Journalistic Malpractice in the McMartin Preschool Case

     Starting in 1983, with accusations from a mother whose mental instability later became an issue in the case, the operators of the McMartin Preschool Day Care Center near Los Angeles were charged with raping and sodomizing dozens of small children. The trial dragged on for years, one of the longest and costliest in American history. In the end, no one was convicted of a single act of wrongdoing. Indeed, some of the early allegations were so fantastic as to make many people wonder later how anyone could have believed them in the first place. Really now, teachers chopped up animals, clubbed a horse to death with a baseball bat, sacrificed a baby in a church and made children drink the blood, dressed up as witches and flew in the air--and all this had been going on unnoticed for a good long while until a child's mother spoke up?

     Still, the McMartin case unleashed a nationwide hysteria about child abuse and Satanism in schools. One report after another told of horrific practices, with the Devil often literally in the details.
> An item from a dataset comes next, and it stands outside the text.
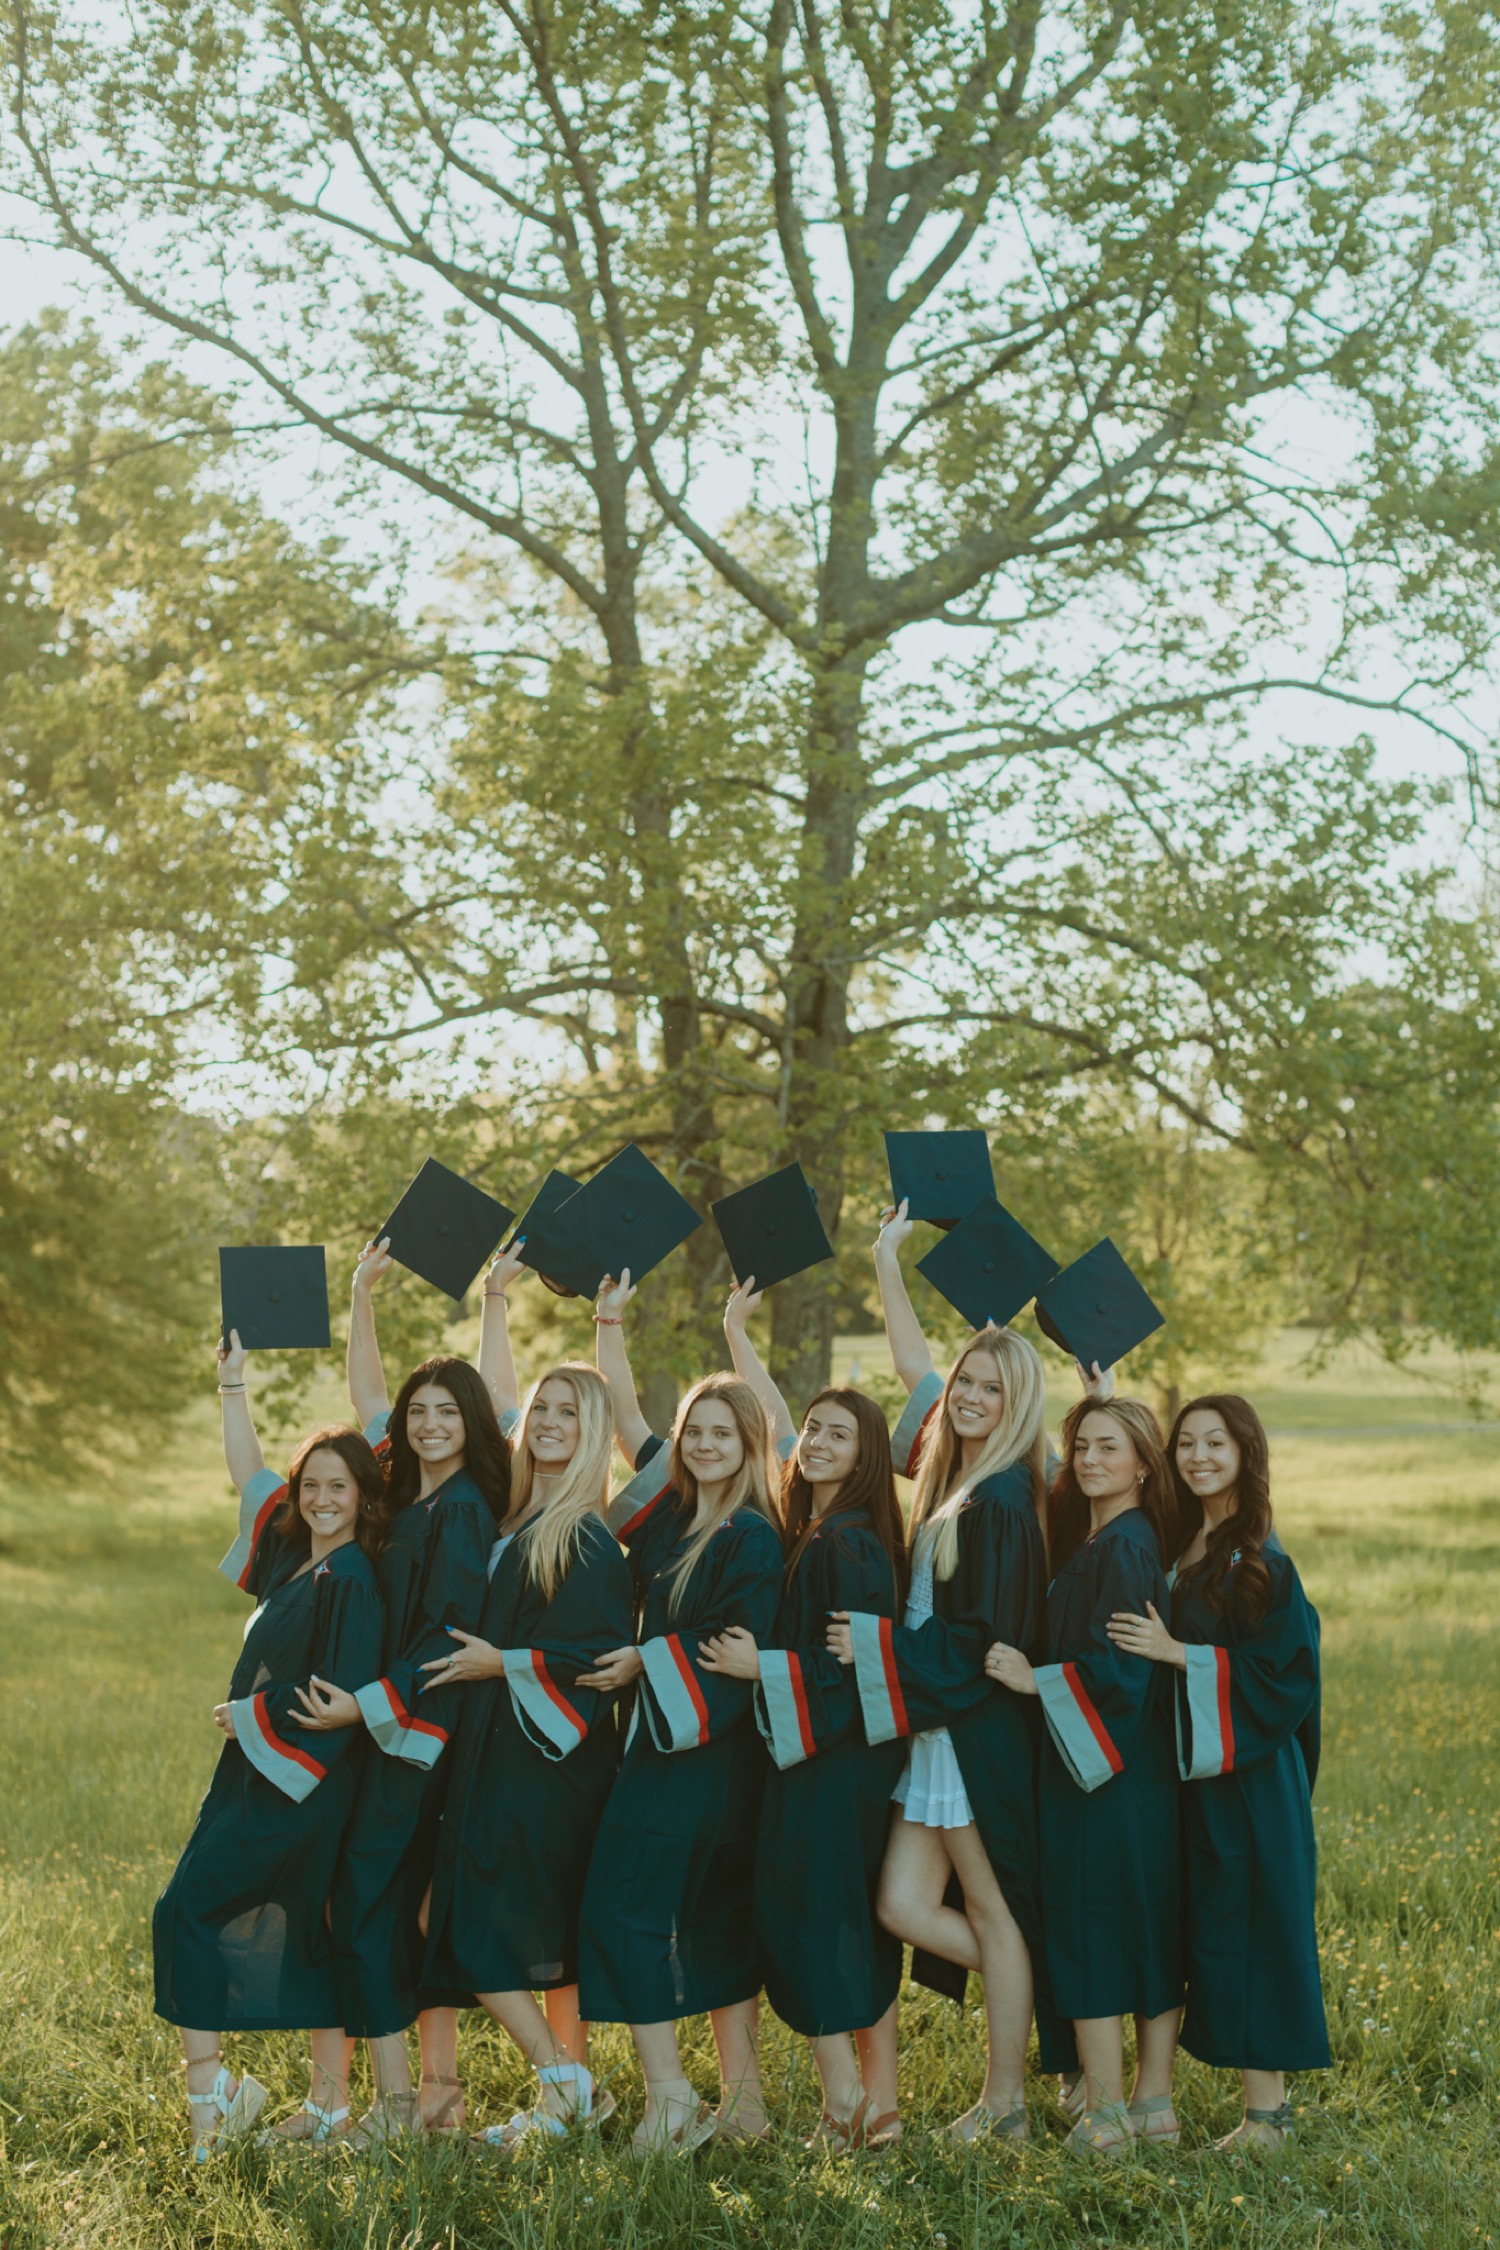 Gallery | rachelerb | Graduation picture poses, Graduation photography poses,  Girl graduation pictures
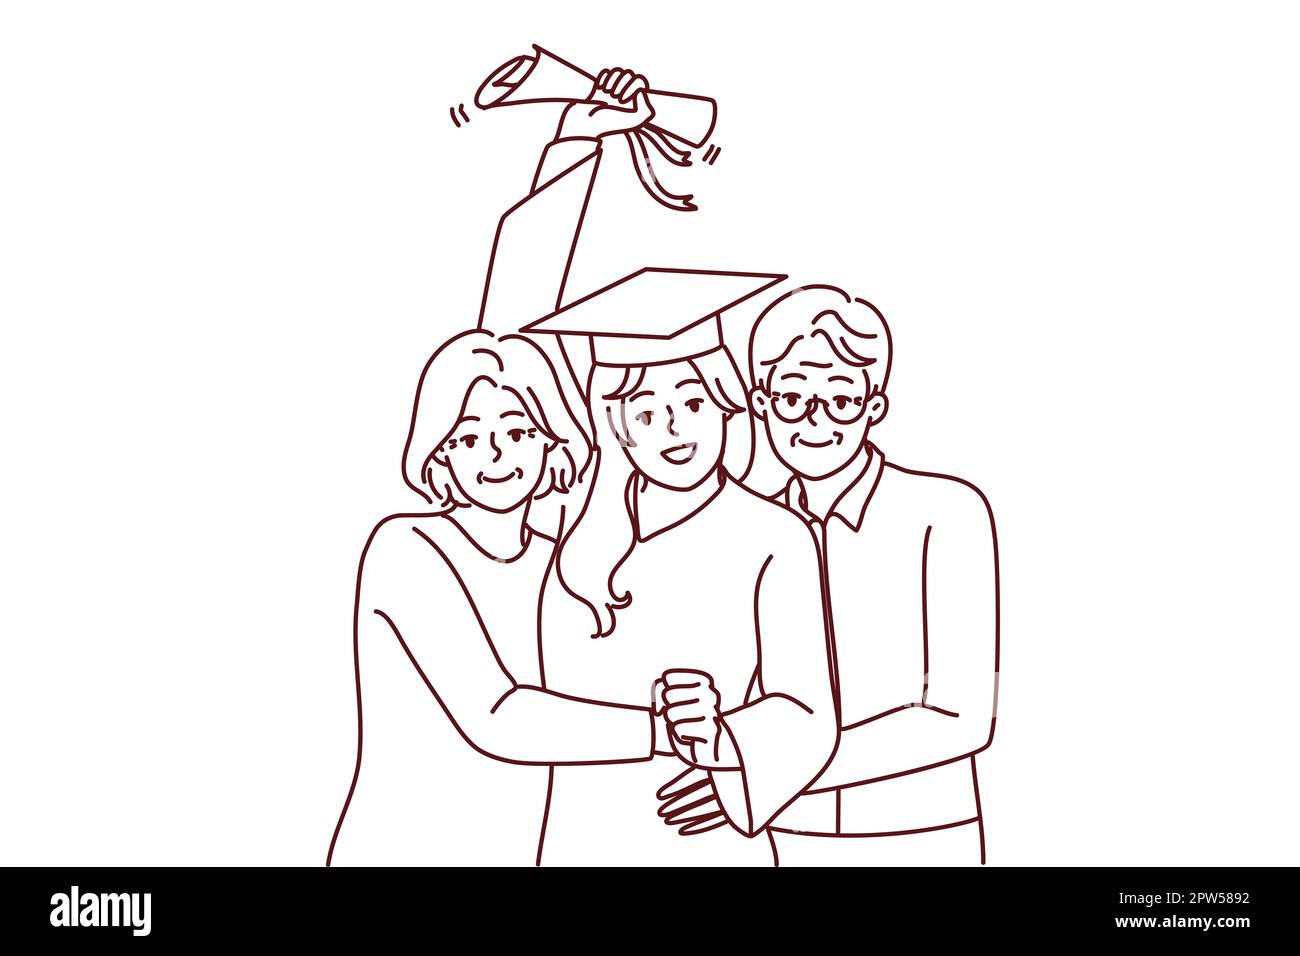 Happy elderly parents hug excited daughter in graduation mantle holding diploma. Smiling mature mom and dad embrace happy girl graduate from universit Stock Photo

     Often enough in these cases, news organizations share blame. In the McMartin case, they were far from innocent observers. A pack mentality set in after a local television journalist first reported the allegations. Across California and beyond, normal standards of fairness and reasoned skepticism were routinely thrown to the wind, with news gatherers scrambling to outdo one another in finding purposed examples of monstrous behavior by the principal defendants: Peggy McMartin Buckey and her son Raymond Buckey. (Mrs. Buckey, daughter of the school's founder, died at 74 in 2000. Raymond Buckey, now in his mid-50s, said years ago that he wanted simply to be left alone.) It would be comforting to believe that mindlessly frenetic news coverage is a relic of the past. But who could make that claim with a straight face?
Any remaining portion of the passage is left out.